You'd Do Me No Harm by Ujjwala Maharjan and Yukta Bajracharya
Last night you came to me, drunk,
and said, where've I hit you?
With your words? I said,
In places that know no healing.
With your hands and feet and whip and stick,
in places so sore they've stopped bleeding.
So used to your fists,
I flinched when you held my hand
but I let you.
So used to your foul mouth,
I broke down when you kissed me
but I let you.
I took what you gave me and called it
love.
I caged myself and called that
protection.
I survived with my silence and called that
acceptance.
Because, that is what They taught me.
They said to me,
embrace the fist because that fist opens up to bring you bun on the table,
choke on the grip, for a while, but recover without a cough because,
that's the grip that will loosen up to shield you.
Give in, give in, give in
because that is what you body does.
Woman, spread your legs
not your wings
scream and plead
don't speak and stand
caress the hand that slapped you
beat you
thrashed you
break down in the arms that strangled you
because that man, that hand, that arm
Will protect you from harm.
They said,
You'd do me no harm.
You said, you'd do me no harm.
You said, you'd do me no harm
so nevermind my broken arm, you'd do me no harm.
You said, you'd do me no harm
so I won't ring the alarm, you'd do me no harm.

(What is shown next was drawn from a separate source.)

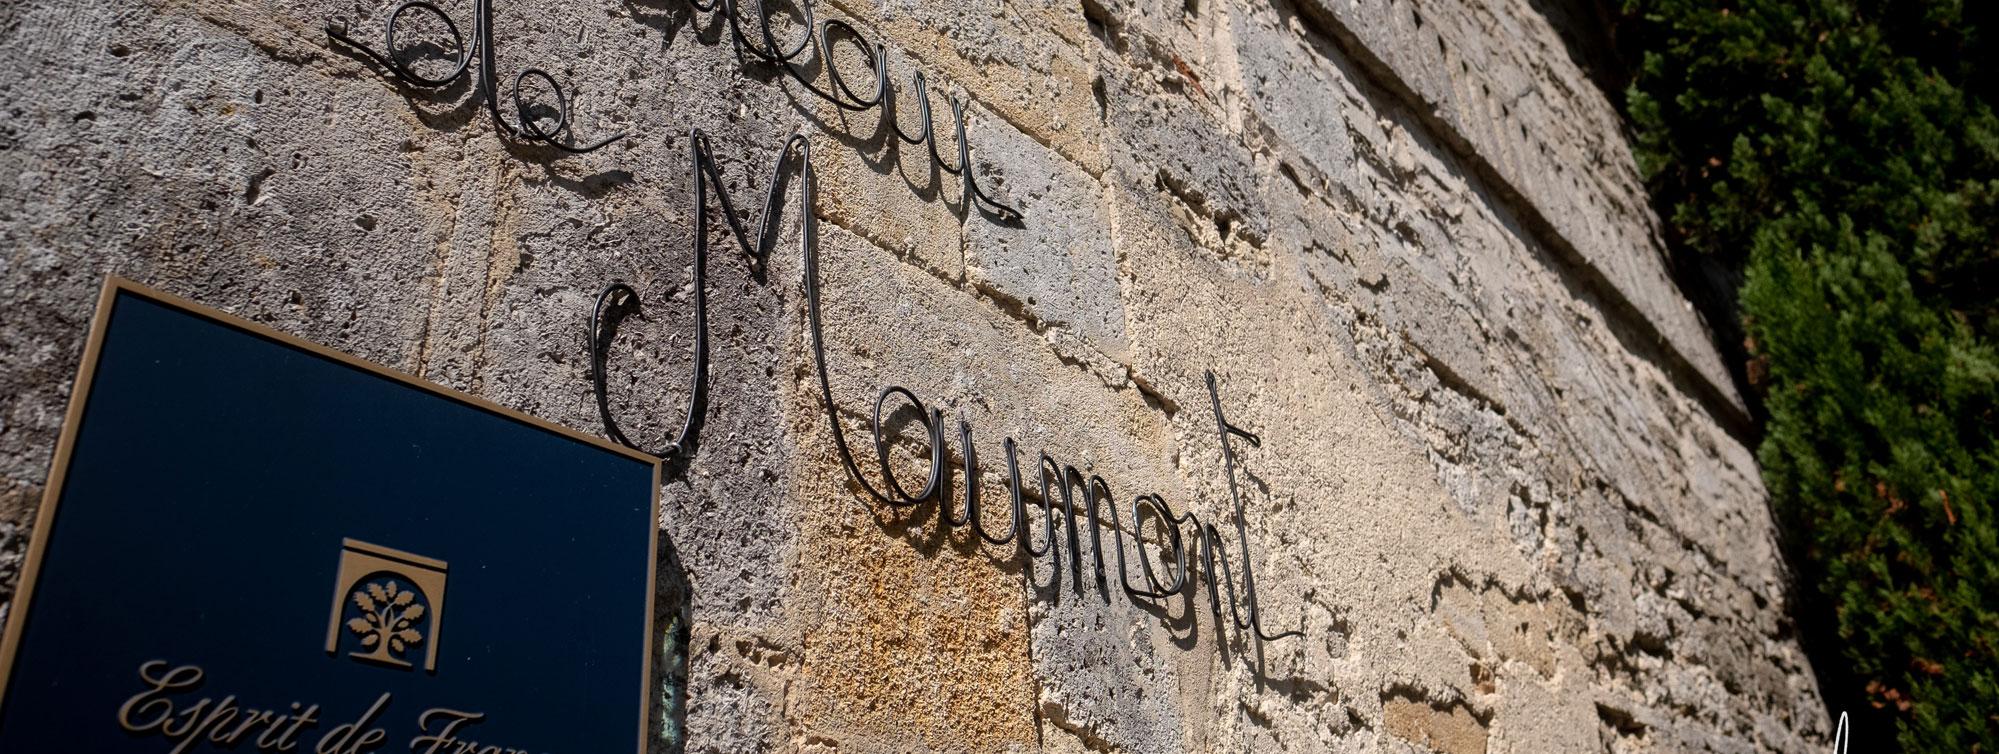 Chateau de Maumont ©F.Selier - Chateau de Maumont

You said you'd do me no harm
But that's all that you've done
Is it that easy to forget
What you said just last night
When you scanned through my body
For the marks you'd made on it
In that darkness, didn't I hear you say you were sorry
That you loved me and you'd bring all this to an end
But then
Again
It rains
Your hard-knuckled fists pounding down on my brains
Pouring every bit of mad rage that runs in your veins
Monster, you're anger is never appeased
You could cut me to pieces and still not be pleased
And no matter where I run, you'll still hunt me down
Cause you love me, you need me, you'd do me no harm
By the way, Hey "They"
You see all this, right?
So why don't you say a thing and keep this eerie quiet?
Cause while of all the times you choose Now
To hold your ever-flapping tongue
This man, this hand, this arm -will only learn to do me more harm
And you, what was my fault
Remind me again
Why I deserve all this beating
This torture and pain
What? I put too much or too little sweet in your tea
Was I out for ten seconds more than the magnanimous ten minutes you'd lend me?

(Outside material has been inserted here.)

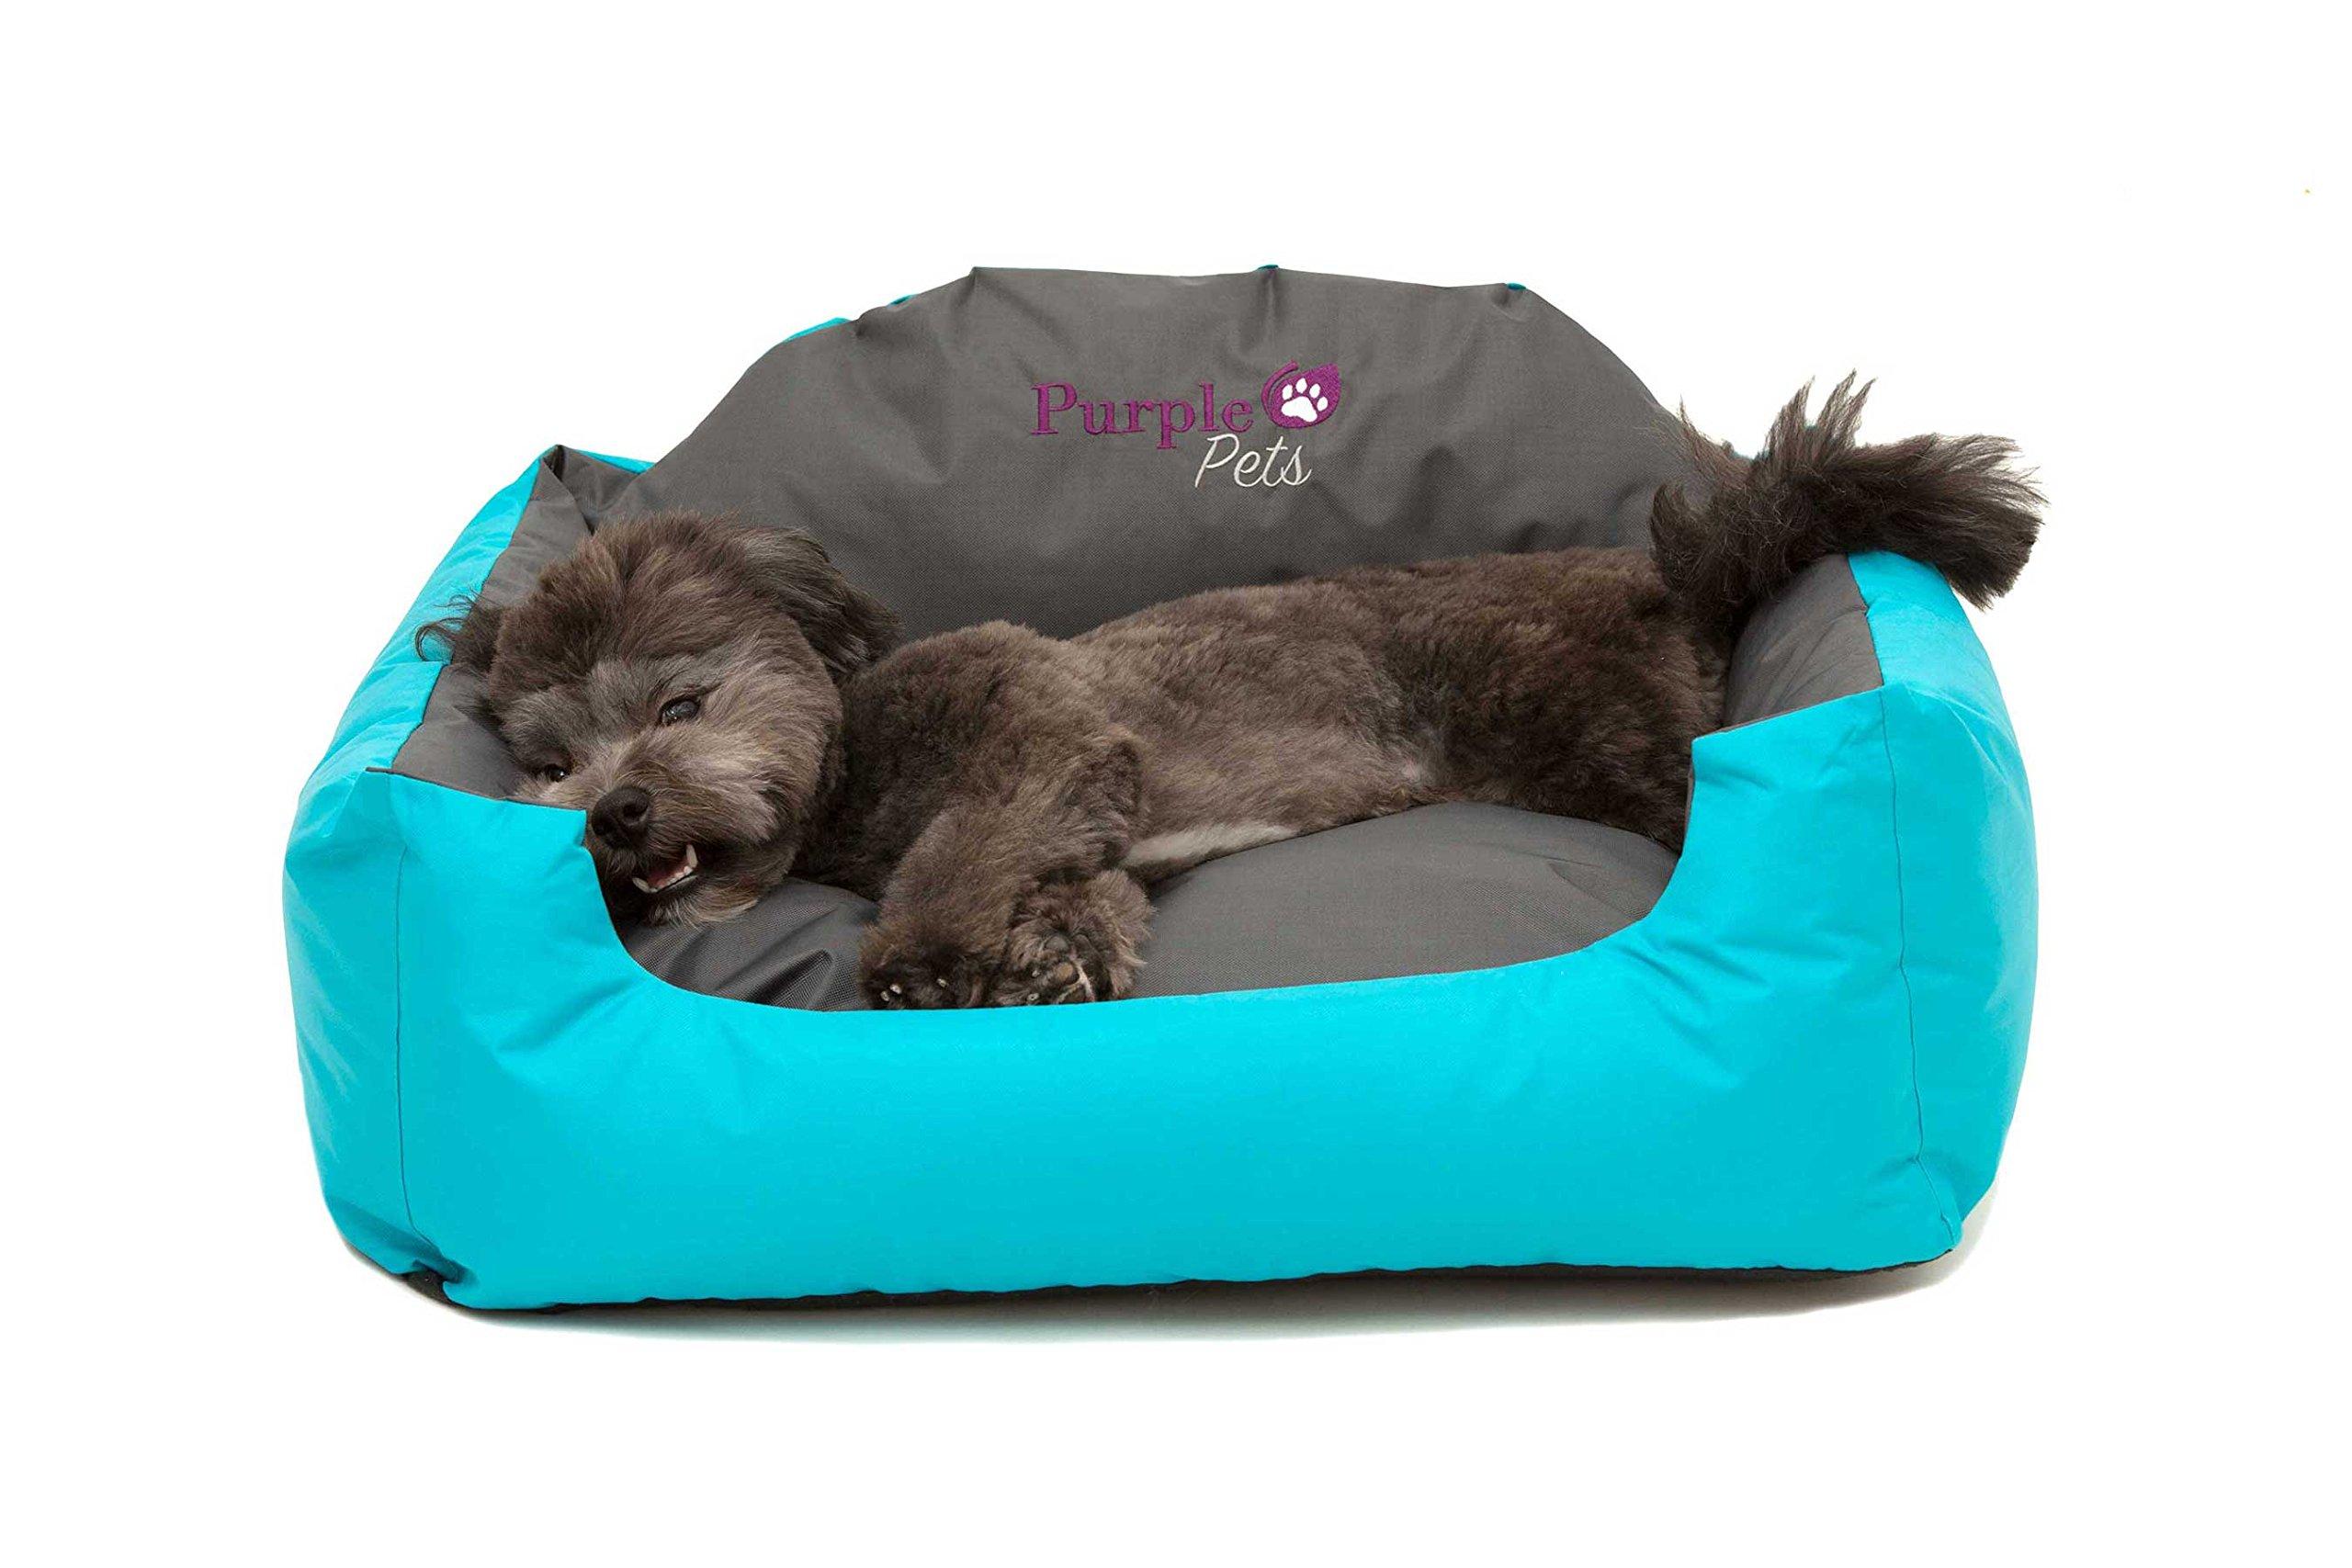 Cama para Perro, Cama para Gato, Cama de Mascota, Suave Sofá Cesta, resistente al agua, Fácil limpieza! Purple-Pets (Pequeño, Azul): Amazon.es: Hogar

Oh was I out being the whore you'd made up in your head
Or was it simply a mistake to wake up from that bed
To see yet another day
You knew one of these days
I'd see the marvel that's me
Who's not as weak or as feeble
As she's made to believe
And while you've always measured your strength with your hard-hitting punches
I long far surpassed yours with my - endurance
But no more
I'm done being the victim
I'm done with this chase
I'll no longer run
But stand up to your face
And may be I've just caught a bit of your insanity
Cause I now know for sure,
You will do me no harm.
I said, you will do me no harm.
Lay down your (fucking) arms; you will do me no harm
I said, you will do me no harm
Go ring your alarms Hun; you will do me no harm.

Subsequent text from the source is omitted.